Sharks, ancient inhabitants of the world’s oceans, display diverse reproductive strategies. Unlike many fish that release eggs and sperm into the water, sharks have evolved complex ways of bringing their young into the world. This variety highlights their adaptability, ensuring species continuation across different marine environments.
Understanding Viviparity in Sharks
Viviparity, or live birth, involves the development of embryos inside the mother’s body, with young emerging fully formed. This category encompasses two primary forms: ovoviviparity and true viviparity. Both methods result in live young, but they differ significantly in how embryos receive nourishment.
Ovoviviparity, also known as aplacental viviparity, is the most common form of live birth among sharks. Fertilized eggs hatch internally within the mother’s oviduct, and embryos primarily draw nourishment from a yolk sac. Some species provide additional nutrition through oophagy, where embryos consume unfertilized eggs, or histotrophy, where they absorb nutritive fluids from the uterine lining. Young are brooded to a large size before birth, emerging as miniature adults.
True viviparity, or placental viviparity, is a reproductive strategy akin to that seen in mammals. After the initial yolk sac is depleted, a direct connection forms between the developing embryo and the mother’s uterine wall. This specialized structure, a placenta, allows for the direct transfer of nutrients and oxygen from the mother to the embryo, while removing waste. This direct maternal provisioning supports substantial growth within the womb.
Sharks That Give Live Birth: Specific Examples
Many shark species exhibit live birth. These can be categorized based on their method of internal development and nourishment.
Among ovoviviparous sharks, the Great White Shark (Carcharodon carcharias) nourishes its embryos initially with a yolk sac, followed by the ingestion of unfertilized eggs in a process called oophagy. Mako Sharks (Isurus oxyrinchus) also engage in oophagy, where developing embryos consume unfertilized eggs. The Sand Tiger Shark (Carcharias taurus) is known for adelphophagy, an intrauterine cannibalism where the strongest embryo consumes its developing siblings and unfertilized eggs within the womb, resulting in only one or two large, robust pups.
Nurse Sharks (Ginglymostoma cirratum) are ovoviviparous, with pups hatching inside the mother and feeding on a yolk sac. Lemon Sharks (Negaprion brevirostris) are primarily ovoviviparous, with embryos developing inside eggs within the mother.
True viviparous sharks, which form a placental connection, include species like the Bull Shark (Carcharhinus leucas). These sharks develop a yolk-sac placenta that provides direct nourishment to the pups. Various Hammerhead Shark species (Sphyrna spp.) also demonstrate placental viviparity, where the yolk sac forms a placenta-like structure to support the growing embryos. The Blue Shark (Prionace glauca) is another truly viviparous species, giving birth to large litters of well-developed young through a placental connection.
Other Ways Sharks Reproduce
While live birth is common, some shark species employ oviparity. Oviparous sharks lay eggs, which develop externally in the marine environment. These eggs are often encased in a tough, leathery protective shell, commonly referred to as a “mermaid’s purse.”

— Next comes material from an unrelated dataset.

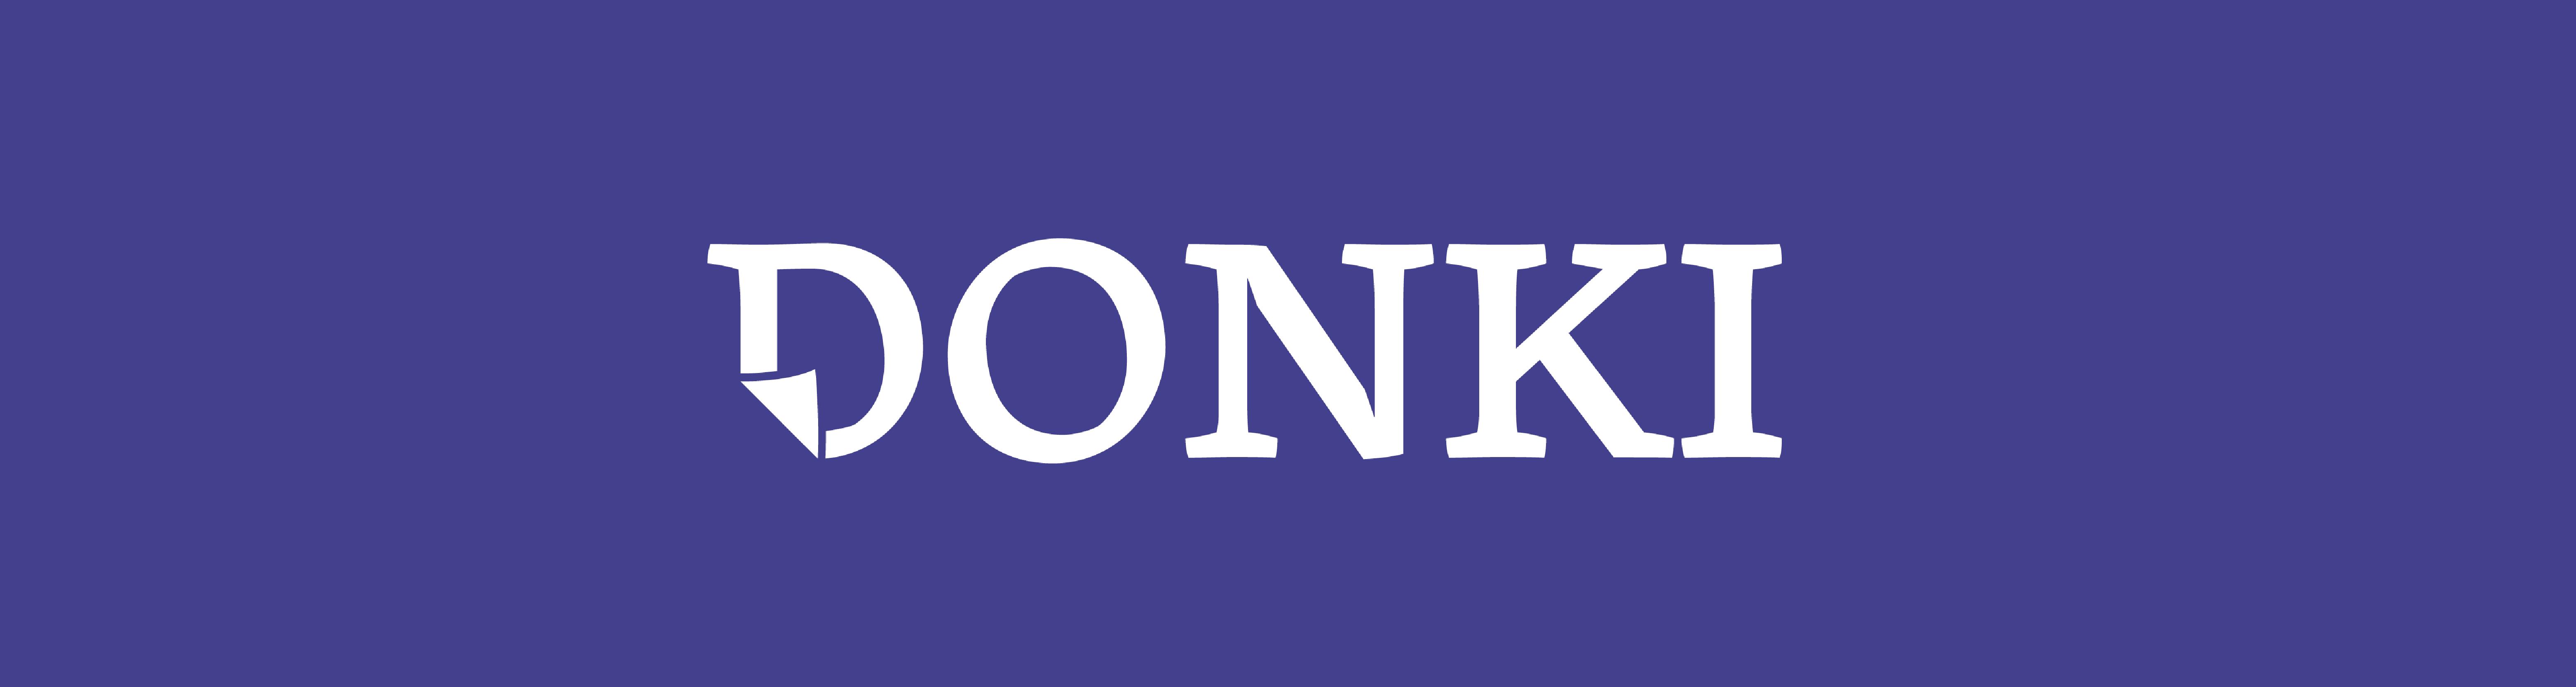 Titel-Donki

The egg case provides a secure environment for the developing embryo, protecting it from predators and hazards. The embryo within is nourished entirely by a yolk sac, similar to a chicken egg. Species such as the Horn Shark, Catshark, and Port Jackson Shark are oviparous examples; the Port Jackson shark even carries its corkscrew-shaped egg cases in its mouth to find a safe depositing spot. These eggs can take several months to hatch, with young emerging as miniature adults.
Why Viviparity is an Advantage for Sharks
Viviparity offers several evolutionary advantages for shark species, contributing to higher offspring survival rates. By retaining embryos within the mother’s body, developing young receive continuous protection from external predators and harsh environmental conditions. This internal development shields vulnerable embryos from ocean dangers.
The direct maternal provisioning, whether through a yolk sac or a placental connection, ensures a consistent nutrient supply, allowing pups to develop more fully before birth. Pups born live are typically larger and more developed, making them better equipped to fend for themselves immediately after birth. This increased size and maturity enhances their chances of survival and and contributes to the species’ overall success.